After winning majorities in both legislative chambers at the Capitol and keeping a hold on the governor’s office, DFLers will determine how the surplus dollars get spent.

Democratic leaders have said they’ll weigh some ongoing tax cuts, such as eliminating the tax on Social Security and adopting additional credits for renters and parents, but they said plans for more wholesale income tax rate cuts were off the table. 

After leaving many pieces of important legislation unpassed in the last session, Senate Majority Leader Kari Dziedzic said DFLers would focus funds on areas where Minnesotans have expressed the most need. Among them were school mental health services, nutrition assistance and more funding for day care, she said.

“I think we will be looking to see what can we all agree on? What are we all agreed on? Because we’ve talked to so many Minnesotans across the state that agree on so much. And they want us to get the work done,” said Dziedzic, DFL-Minneapolis. “And so that’s what we’re going to be looking for.”

House Speaker Melissa Hortman, DFL-Brooklyn Park, said Democrats would also prioritize one-time spending for child care, starting up a paid family and medical leave program and sending out emergency funding to police departments around the state. 

But some of the DFL wish list might have to be scaled back if projections show darker economic times ahead, she said.

“I think what we will focus on is what Minnesota will be proud of,” Hortman said. “There will be some things we aren’t able to get that we don’t have the votes for, or we don’t have the money for, because we may have a budget surplus, but it might not be big enough to do all the things that people think are important.” 

Melissa Hortman and Jeremy Miller

House Speaker Melissa Hortman, DFL-Brooklyn Park and Senate Majority Leader Jeremy Miller, R-Winona after a negotiating session with Gov. Tim Walz at the Capitol on March 8.

Brian Bakst | MPR News

Walz told reporters that he supports taking a careful budgeting approach but didn’t want to avoid spending increases in the name of playing it safe.

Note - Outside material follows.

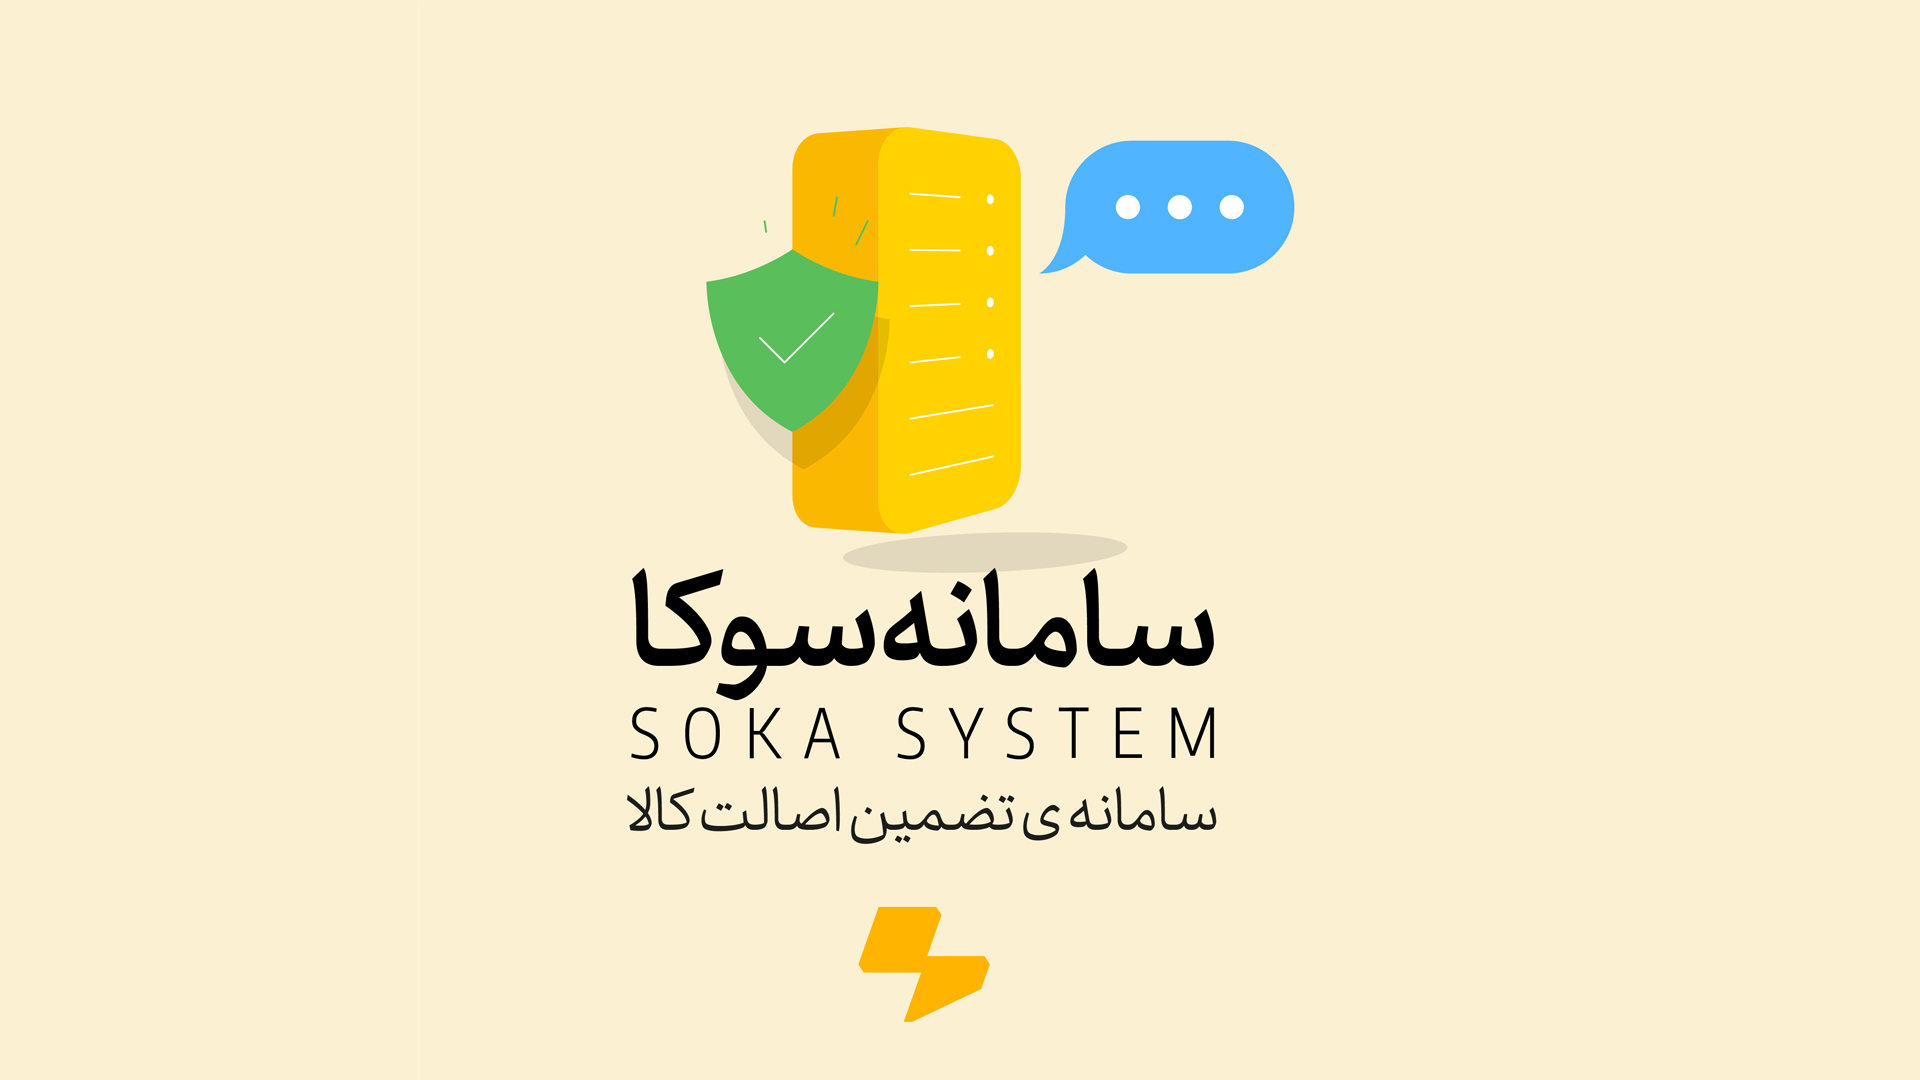                                     Soka system, SMS system to guarantee product authenticity

“Being cautious and prudent is not an excuse for not making the investments that are actually fundamental to the growth of that economy,” Walz said. “We can’t get so nervous and so cautious that we’re not willing to fund our child care because we’re thinking about what would happen because that becomes a self perpetuating loop of spiraling down if we’re not doing those things.”

The governor said additional funding for child care and public schools should be top concerns when lawmakers kick off the legislative session in January. 

Republicans, meanwhile, have pushed to return some of the surplus through ongoing tax cuts.

“We’ve had a surplus for a number of years and to me, that means we’re taking in too much of Minnesotans’ money, that it would be better left with them,” incoming House Minority Leader Lisa Demuth, R-Cold Spring, said. 

After the release of the budget surplus numbers Tuesday, Demuth put out a statement saying, “Minnesotans are being massively overtaxed and we should spend most of the next session working to give as much of it back to Minnesotans as possible.”

The view was echoed by incoming Senate Minority Leader Mark Johnson, R-East Grand Forks. “We are being battered with high property taxes, rapid inflation, rising energy costs, and a looming recession,” he said in a statement. “We need real relief that all Minnesotans can count on for years to come.”

MPR News correspondent Brian Bakst contributed to this report.